Assa Alex Samwel vs Republic (Criminal Appeal No. 612 of 2022) [2026] TZCA 298 (11 March 2026)
Judgment
IN THE COURT OF APPEAL OF TANZANIA AT MBEYA (CORAM: MKUYE. J.A.. RUMANYIKA. 3.A. And AGATHO, J.A.) CRIMINAL APPEAL N0.612 OF 2022 ASSA ALEX SAMWEL..................................................................... APPELLANT VERSUS THE REPUBLIC........................................................................... RESPONDENT (Appeal from the decision of the High Court of Tanzania at Mbeya) (Nqunvale, J.) dated the 12th day of November, 2021 in Criminal Appeal No. 67 OF 2021 JUDGMENT OF THE COURT 26th February & 11th March, 2026 RUMANYIKA. J.A. In the District Court of Rungwe, the appellant, Assa Alex Samwel, was charged with the offence of rape contrary to sections 130(1), (2)(e) and 131(1) of the Penal Code.
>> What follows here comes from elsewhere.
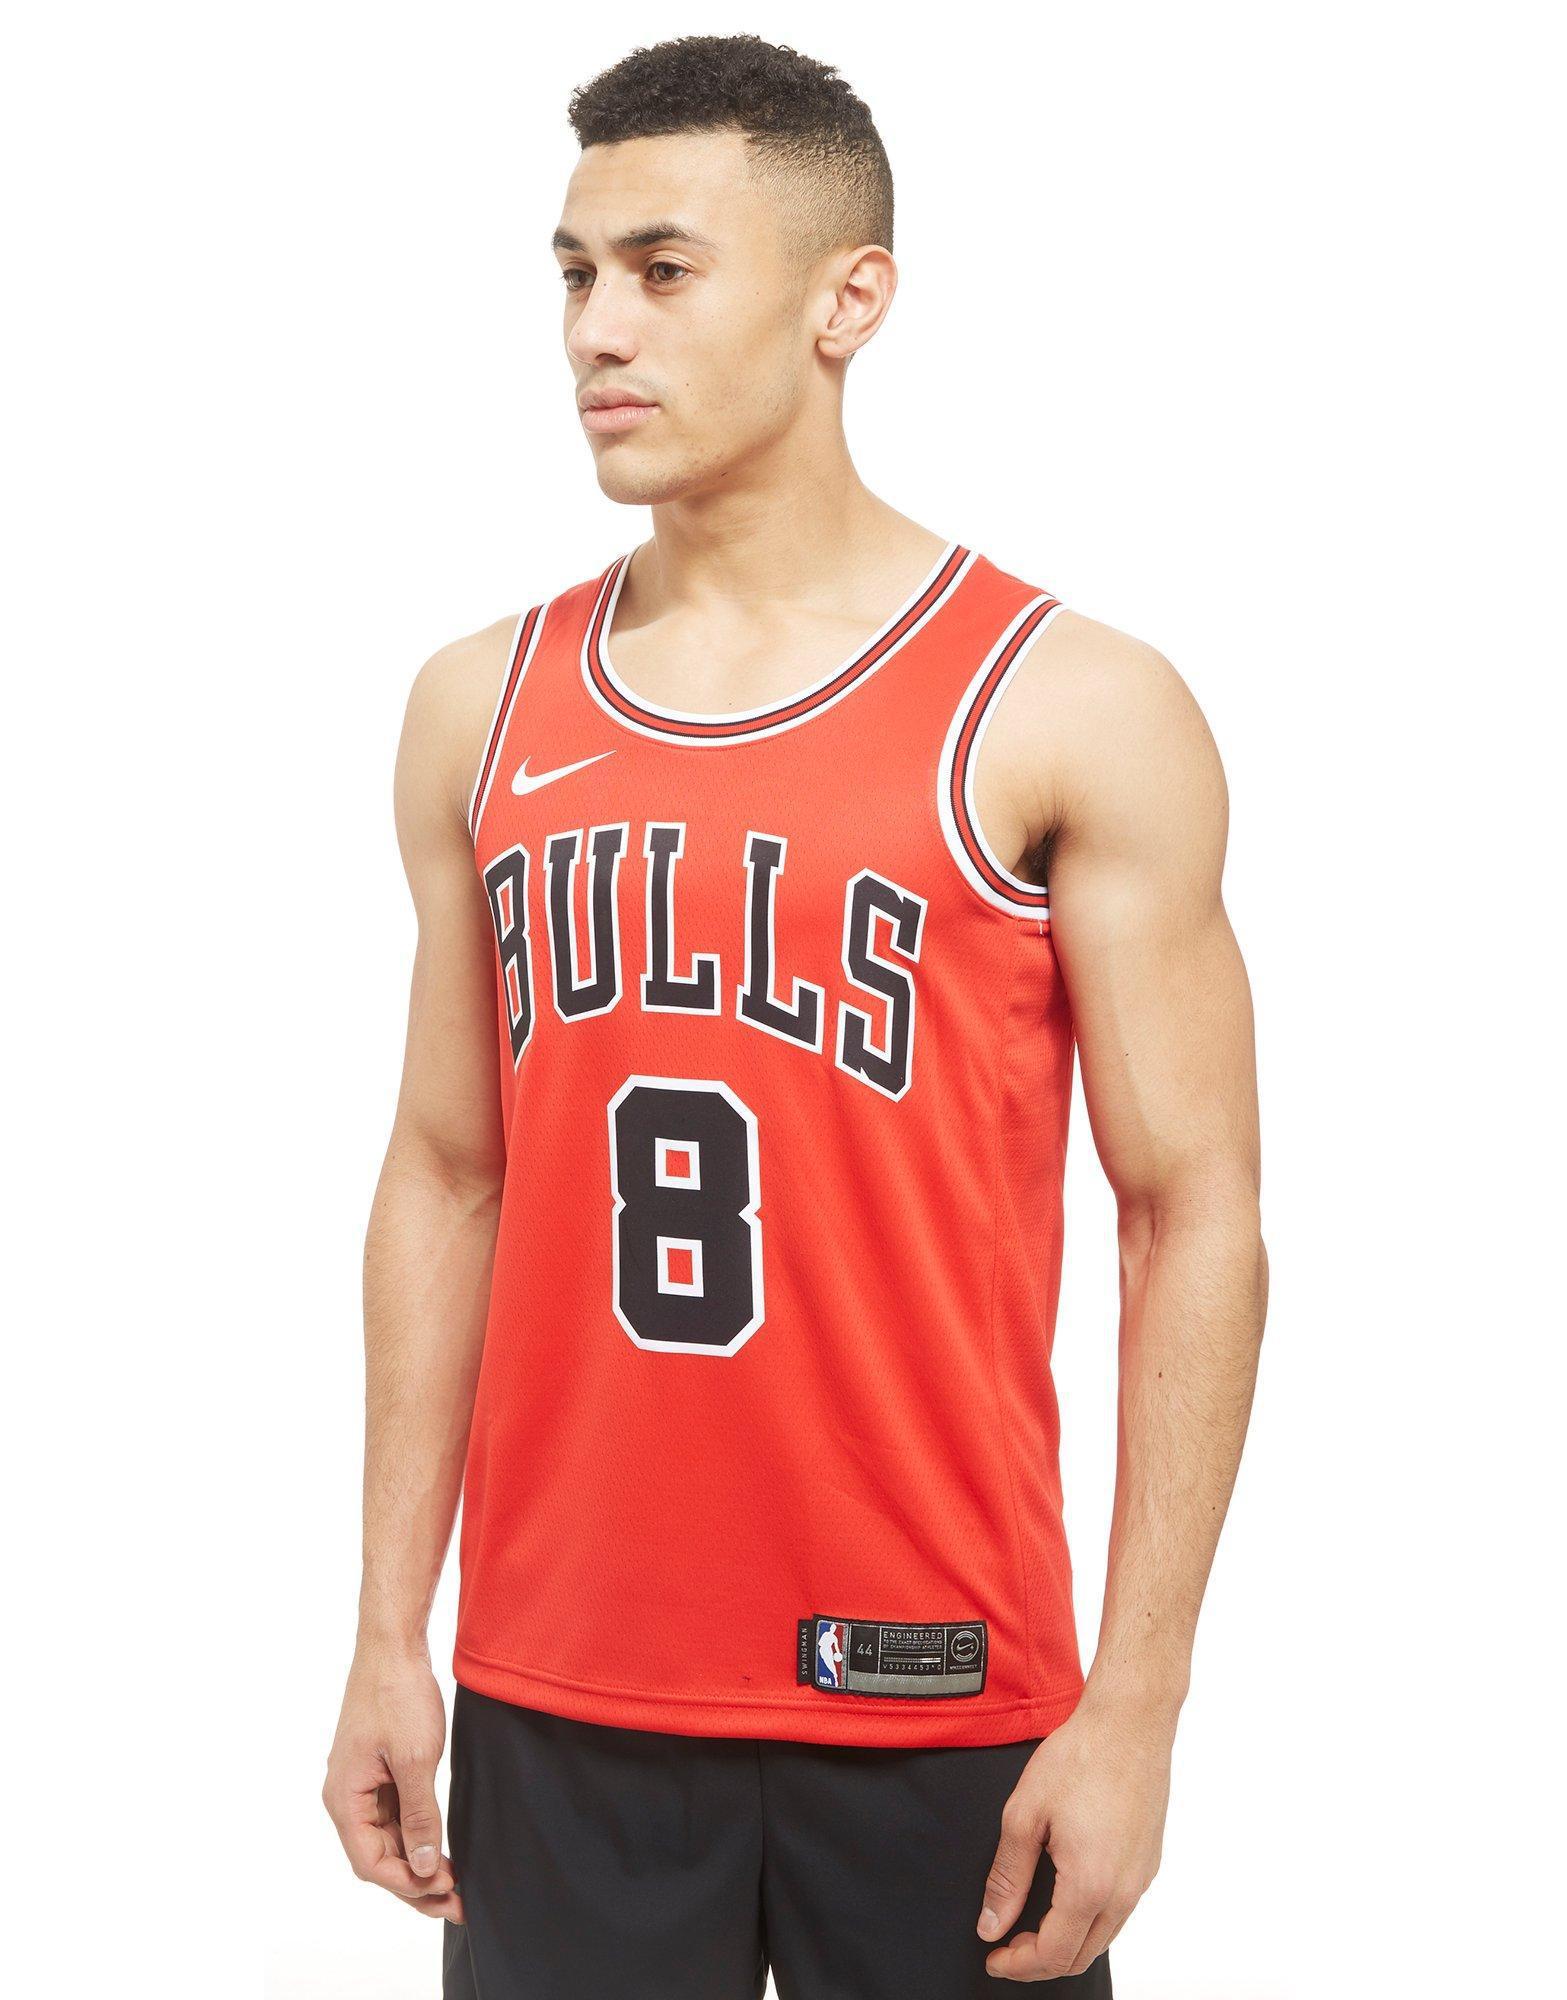 3589a04b3 Nike Nba Chicago Bulls Swingman Lavine Jersey in Red for Men - Lyst
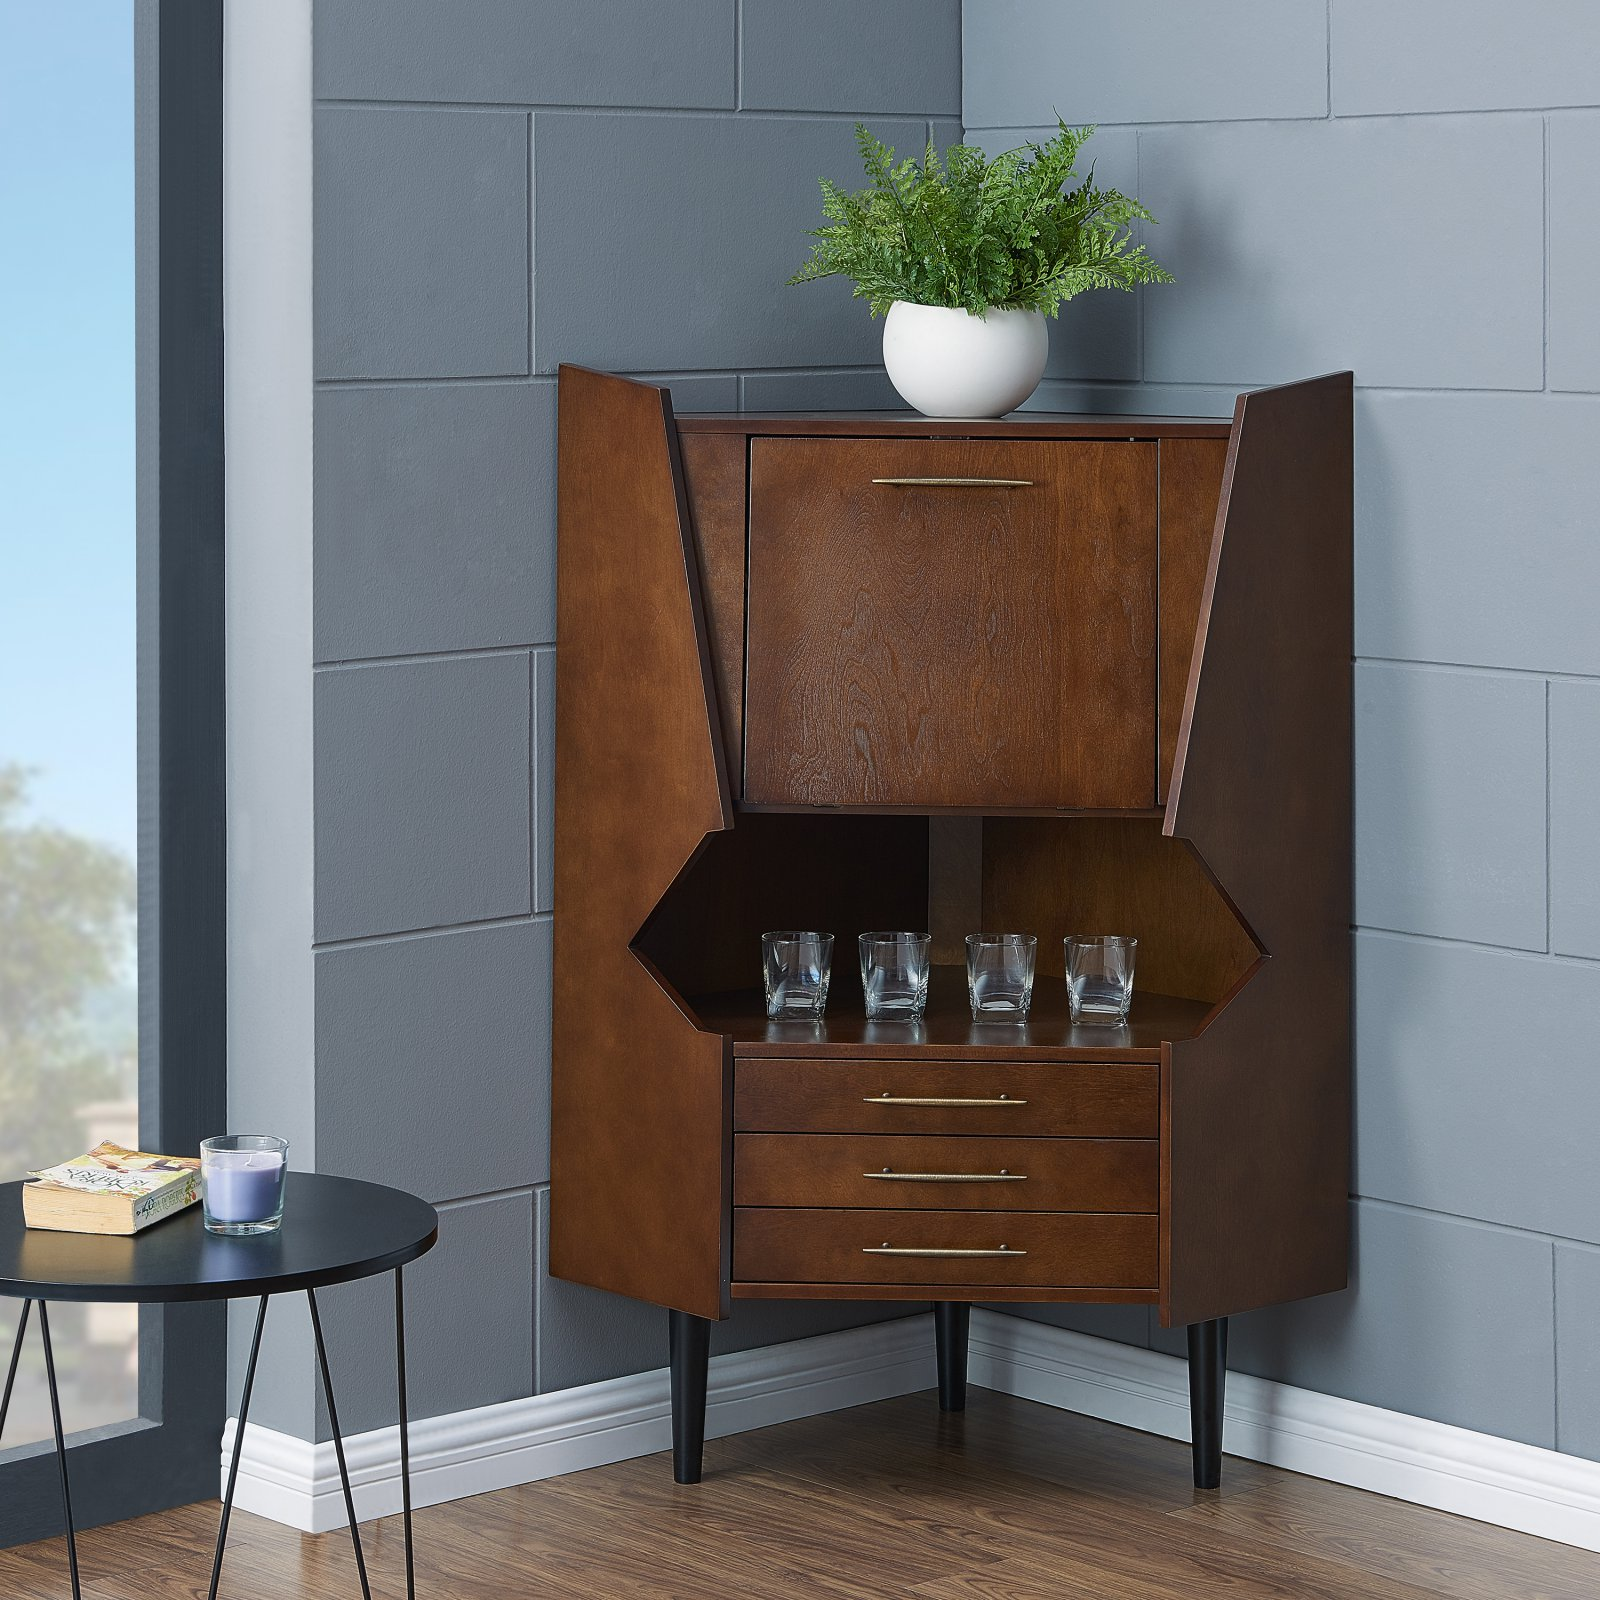 Southern Enterprises Lohell Corner Bar Cabinet

It was alleged that on 3rd November 2018, at Igalamu Village within Rungwe District, Mbeya Region, the appellant had unlawful carnal knowledge of a thirteen-years-old girl. She was in Standard IV at Lutengano Primary School. To conceal her identity and in order to protect her dignity, we shall refer to her as the "victim" or "PW1". That, on the material date, she encountered the appellant whom she was familiar with, at a stream fetching water, 1
where he proposed a sexual relationship, vainly. Thereafter, he forcefully took her to his home, despite her cries for help, which went unanswered. Then he had a forced sexual intercourse with her. It was further alleged that the appellant remained with PW1 in his house for three consecutive days consummating her on daily basis, promising to marry her. Meanwhile, PWl's mother (PW2), upon realizing that the young girl is missing from home, she kept on looking for her. That it was not until on the third day of her missing, when the victim was found at the appellant's residence. PW3, the Village Executive Officer (VEO), supported the PW2's story. Then the appellant was arrested and charged as such. In his defence, testifying as DW1, the appellant did not deny to have engaged himself in the alleged sexual intercourse with the victim. Instead, he stated that she had consented to it. DW2, the appellant's younger brother, stated that indeed the appellant had cohabited with the victim for those three days. Upon full trial, the court found the charged offence proved to the hilt. Consequently, the appellant was convicted and sentenced to a thirty years term of imprisonment. His first appeal to the High Court was unsuccessful. 2
Still dissatisfied, the appellant has now preferred this second appeal. He fronted five grounds in the substantive memorandum of appeal and three grounds in the supplementary memorandum of appeal. They were filed on 21st June 2022 and on 24th February 2026, respectively. However, for ease of reference and convenience, we shall paraphrase those eight points of grievance, to read as follows; One, variance between the charge and the evidence, with respect to when was the charged offence committed; two, voire dire test on the victim was conducted contrary to section 127 (2) of the Evidence Act. Three, failure of the victim to show that she resisted the sexual intercourse; four, failure of the prosecution to tender PF3 for proof of penetration, five, failure of PW2 and PW3 to prove themselves as eye witnesses. Six, improper evaluation of his petition of appeal; and seven, the prosecution case was not proved beyond reasonable doubt. At the hearing of appeal, the appellant appeared in person unrepresented while Mses. Naomi Mollel and Hannarose Kasambala, learned Senior State Attorneys teamed up with Mr. Rajab Msemo, learned State Attorney, representing the respondent Republic.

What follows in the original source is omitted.